As to its practical implications, it appears that the Decision:
- May not have a disruptive impact on existing lending processes. The Decision appears to be in line with the interpretation suggested by Italian Banking Association (“ABI”) in 2003, in the aftermath of the publication of the first MEF Decree setting out the result of the Bank of Italy’s 2002 statistical survey on default interest. At the time, ABI suggested that – out of caution – default interest be considered relevant for statutory interest purposes and the “default threshold rate” be used to verify compliance with usury law. Accordingly, those lenders that have followed this conservative approach likely do not need to amend their internal processes and procedures – including “cap” mechanisms – as a result of the Decision;
- Strikes a balance between the borrower’s and the lender’s needs. On the one hand, it increases the borrower’s protection, by ensuring that it may not be charged usurious rates in the form of default interest. On the other hand, it does not overly penalize lenders, by holding that – in case default interest is found to be usurious – only the clause setting out default interest is null and void, and that default interest may still accrue (even if at a different rate), thus rejecting extreme theories according to which no interest could be applied in such cases.

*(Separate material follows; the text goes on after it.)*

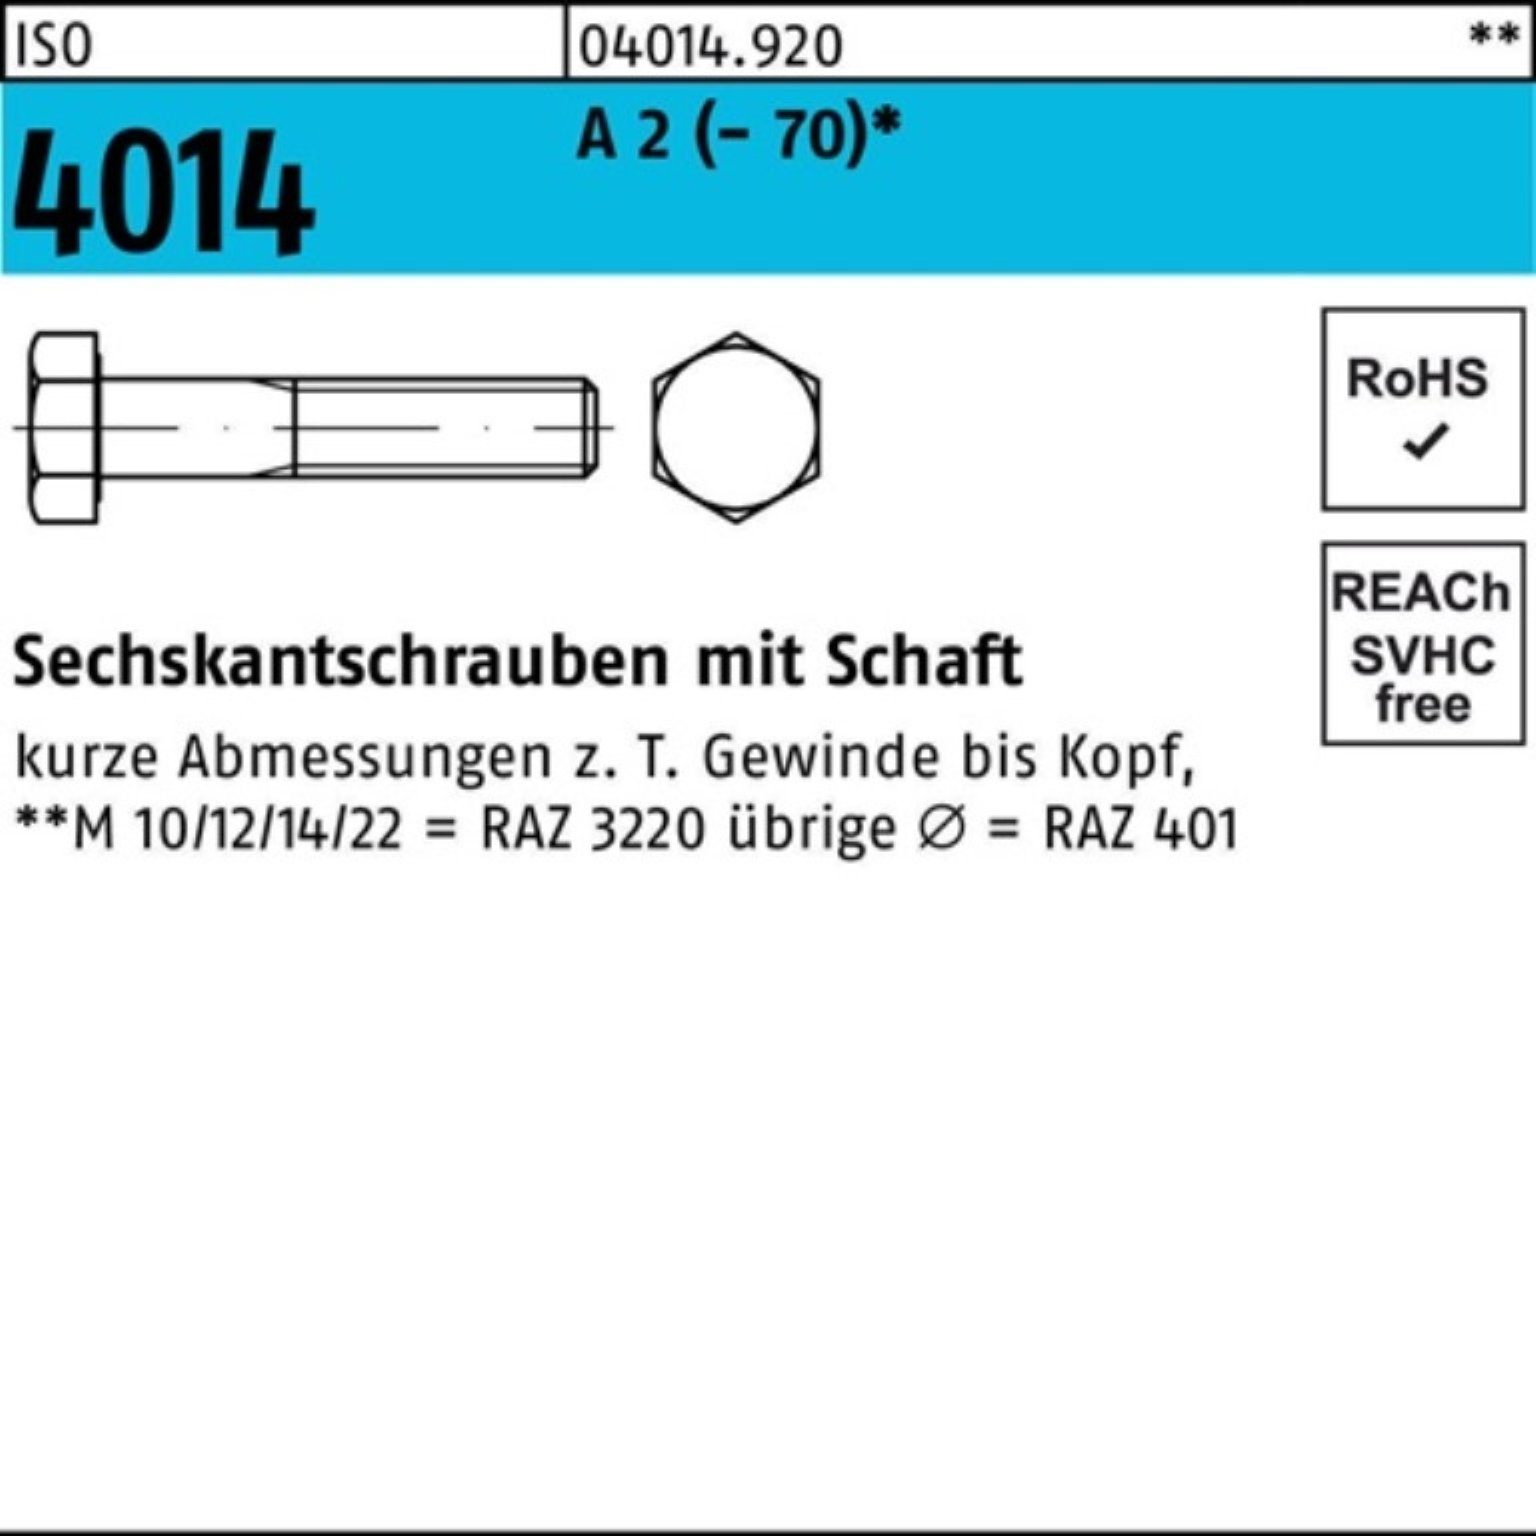 Bufab Sechskantschraube 100er Pack Sechskantschraube ISO 4014 Schaft M12x 110 A 2 (70) 25 St

- At the same time, the Decision leaves some matters unanswered. In particular, it remains to be seen whether the conclusions reached by the Supreme Court in the civil case will be confirmed in criminal cases. Even if, under Italian law, the notion of “usurious interest” is one and the same for purposes of both civil and criminal law, criminal courts are not bound by the Decision and may depart (as they often did in the past) from the principles stated by the civil panels of the Supreme Court.